Task brief ▸ For this exercise, copy exactly every line from the one holding "New Slimlite Double" through the end of the data, both included. Omit pictures.

Available data ▸
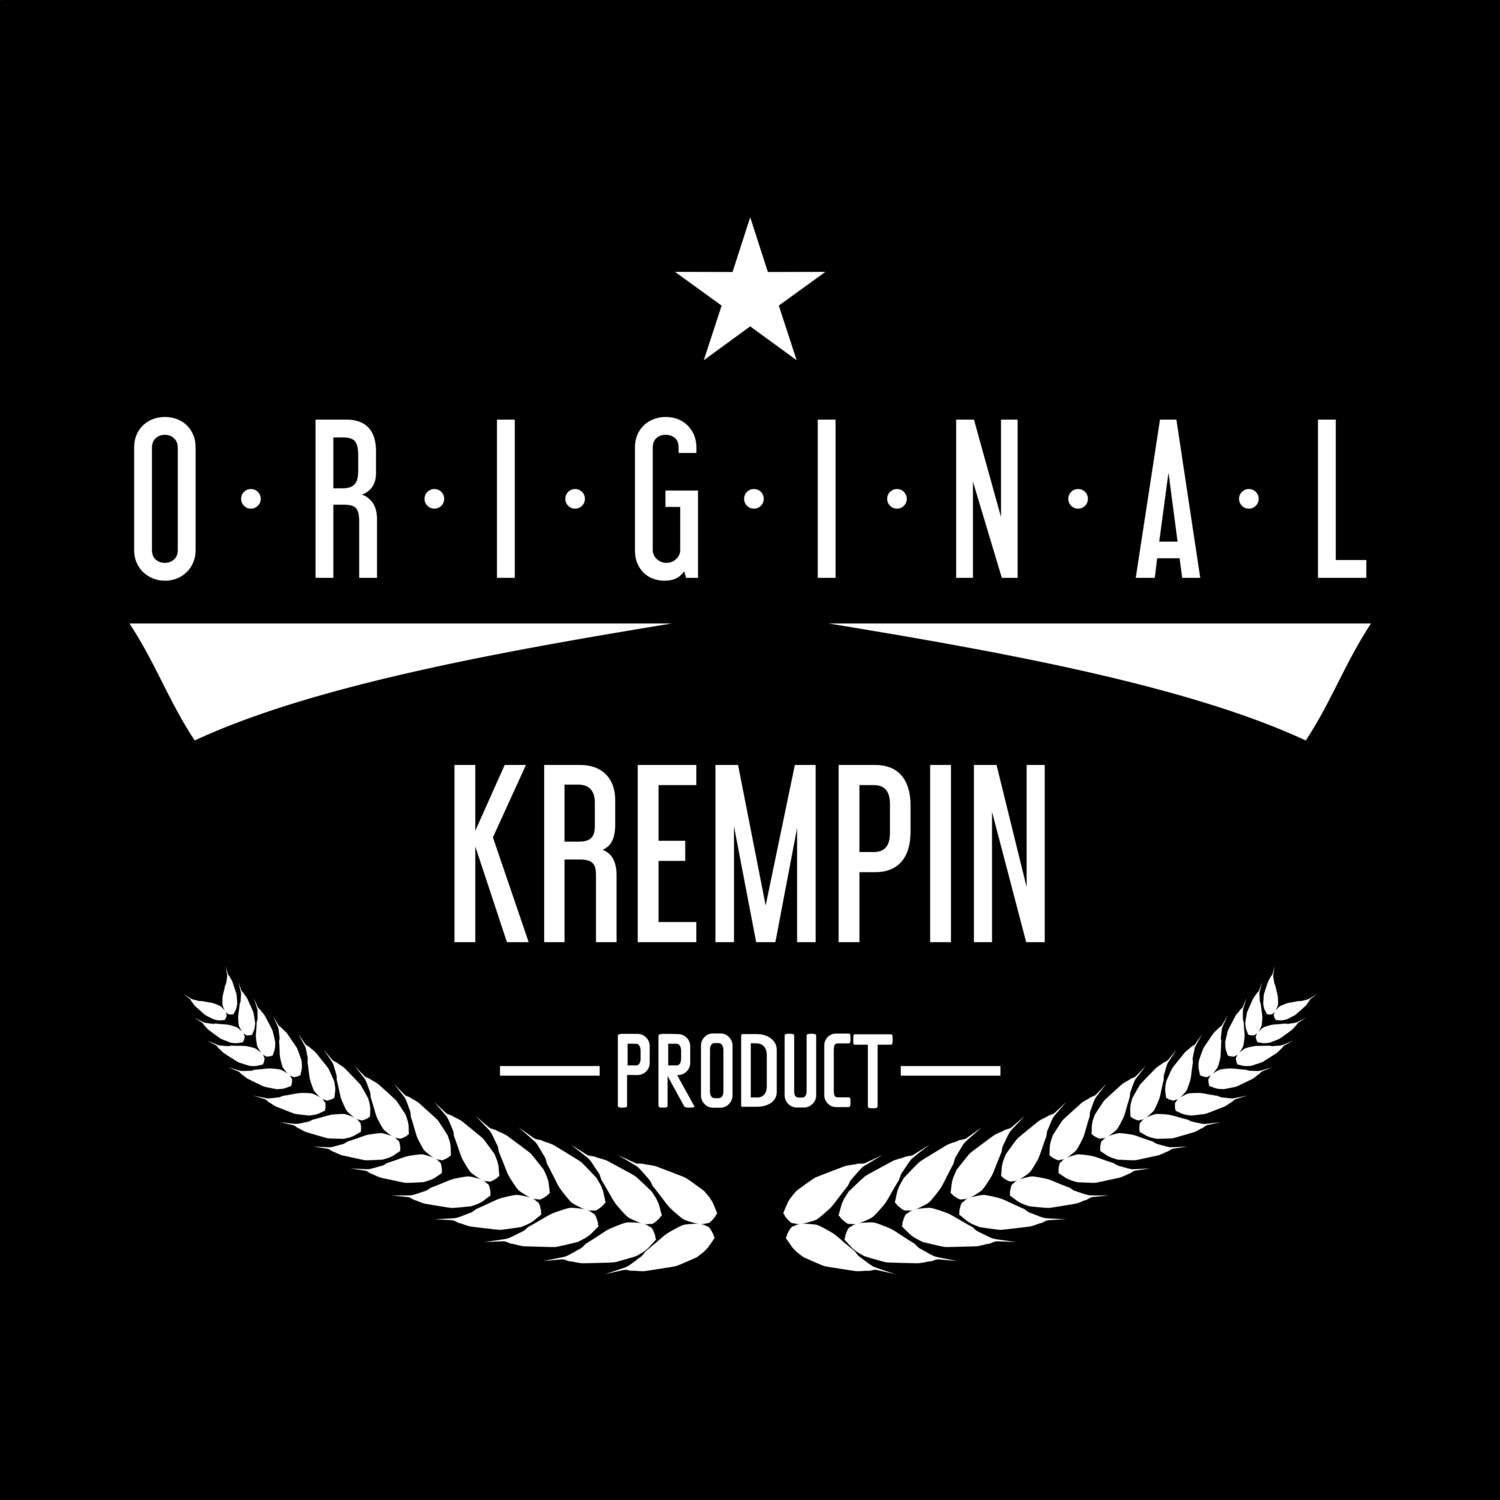 Krempin T-Shirt »Original Product«
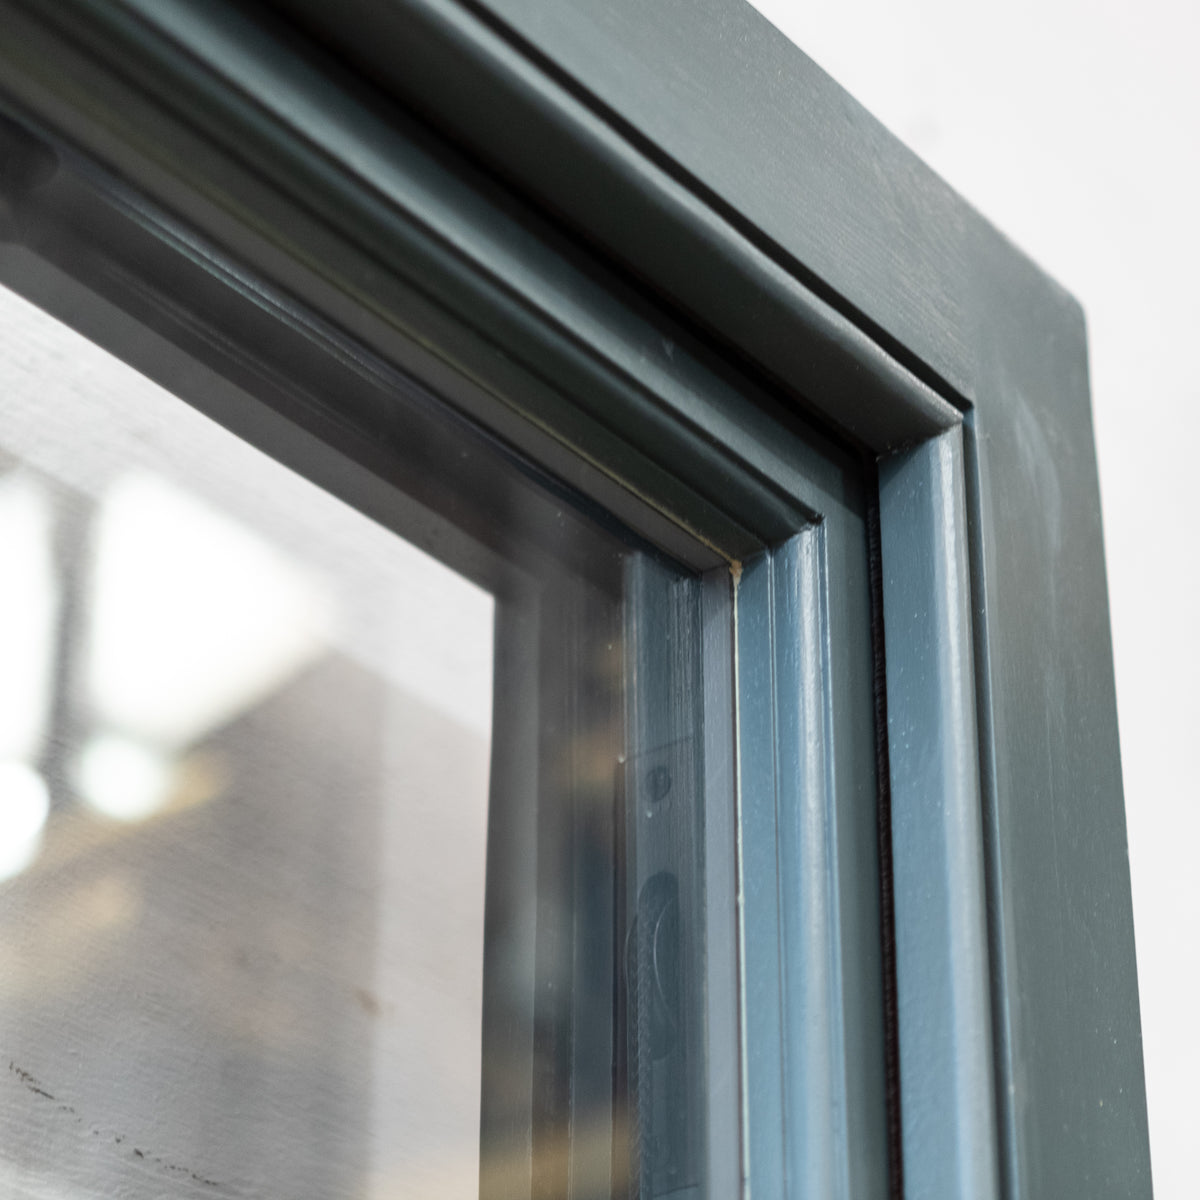 New Slimlite Double Glazed Georgian Sash Window Unit (210cm x 79.5cm) | The Architectural Forum
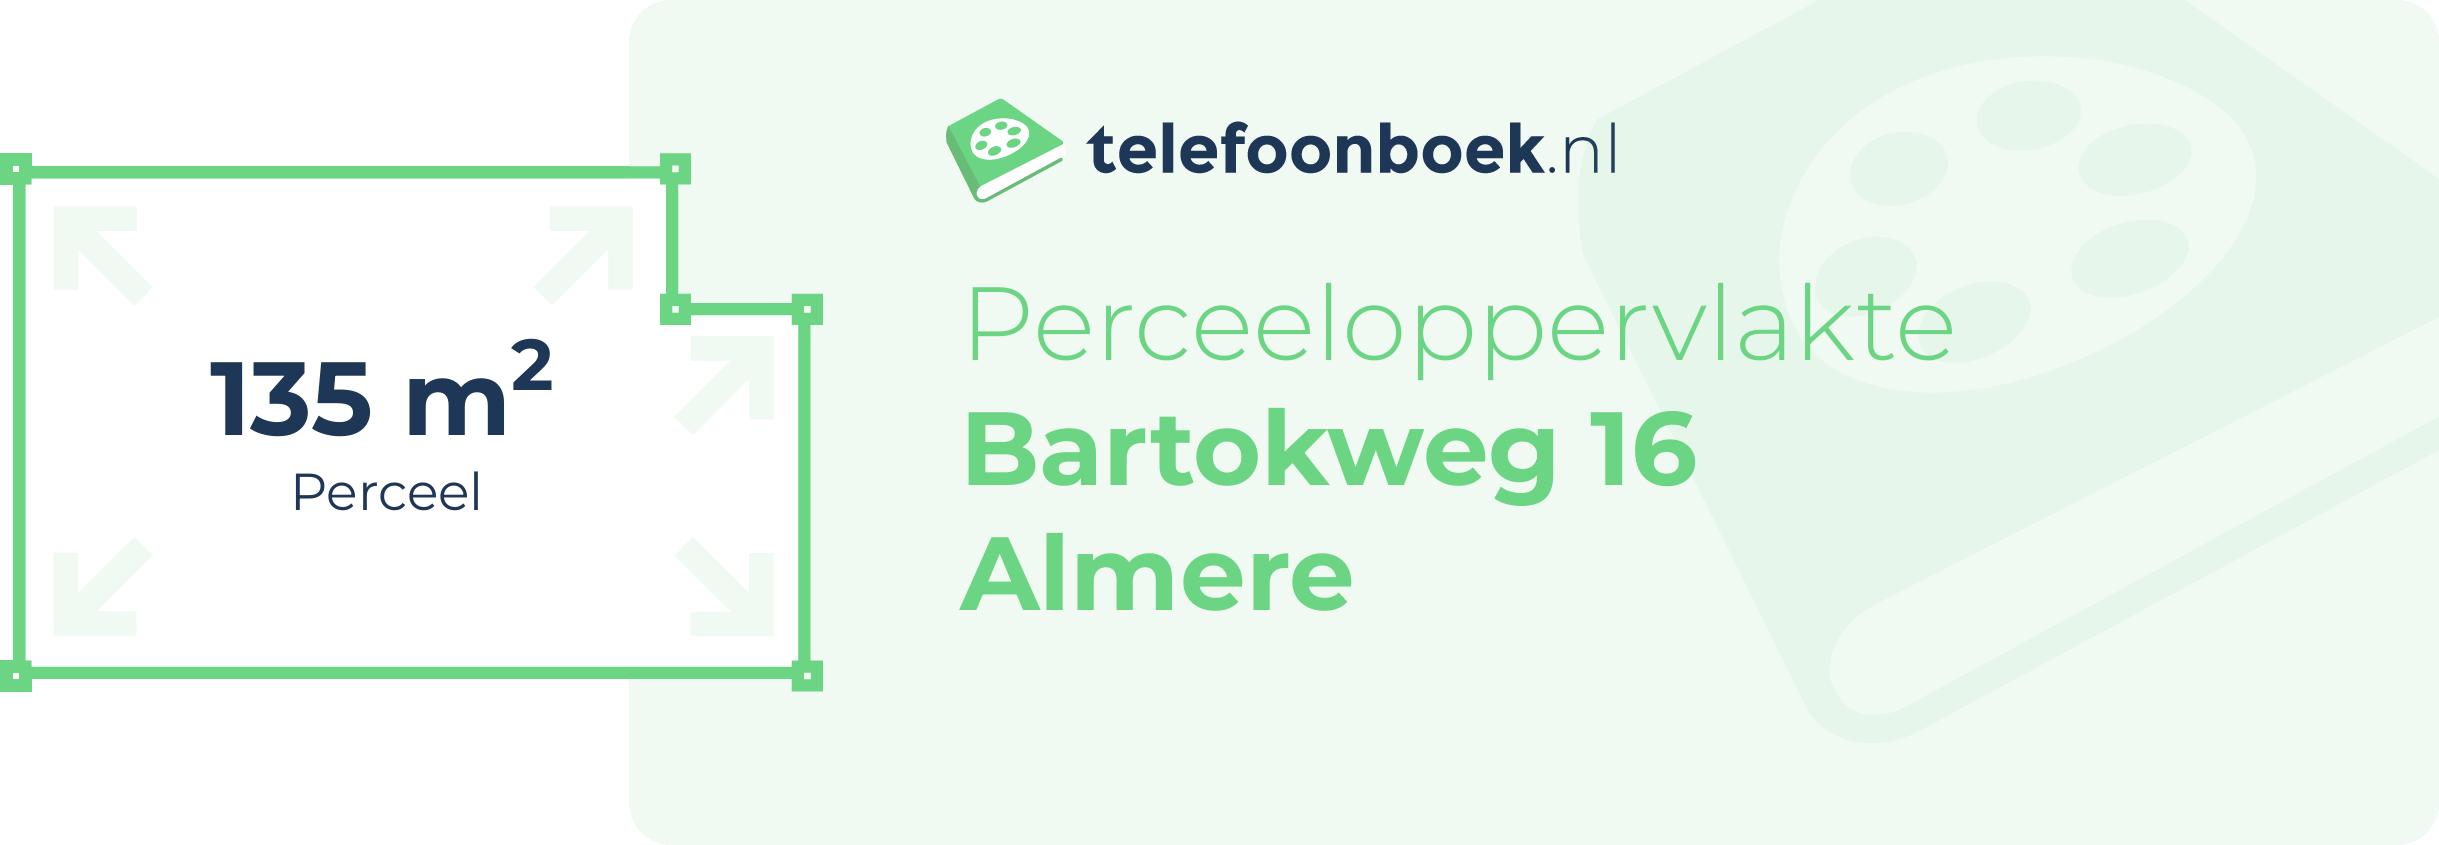 Perceeloppervlakte Bartokweg 16 Almere

Your solution ▸
 New Slimlite Double Glazed Georgian Sash Window Unit (210cm x 79.5cm) | The Architectural Forum
 Perceeloppervlakte Bartokweg 16 Almere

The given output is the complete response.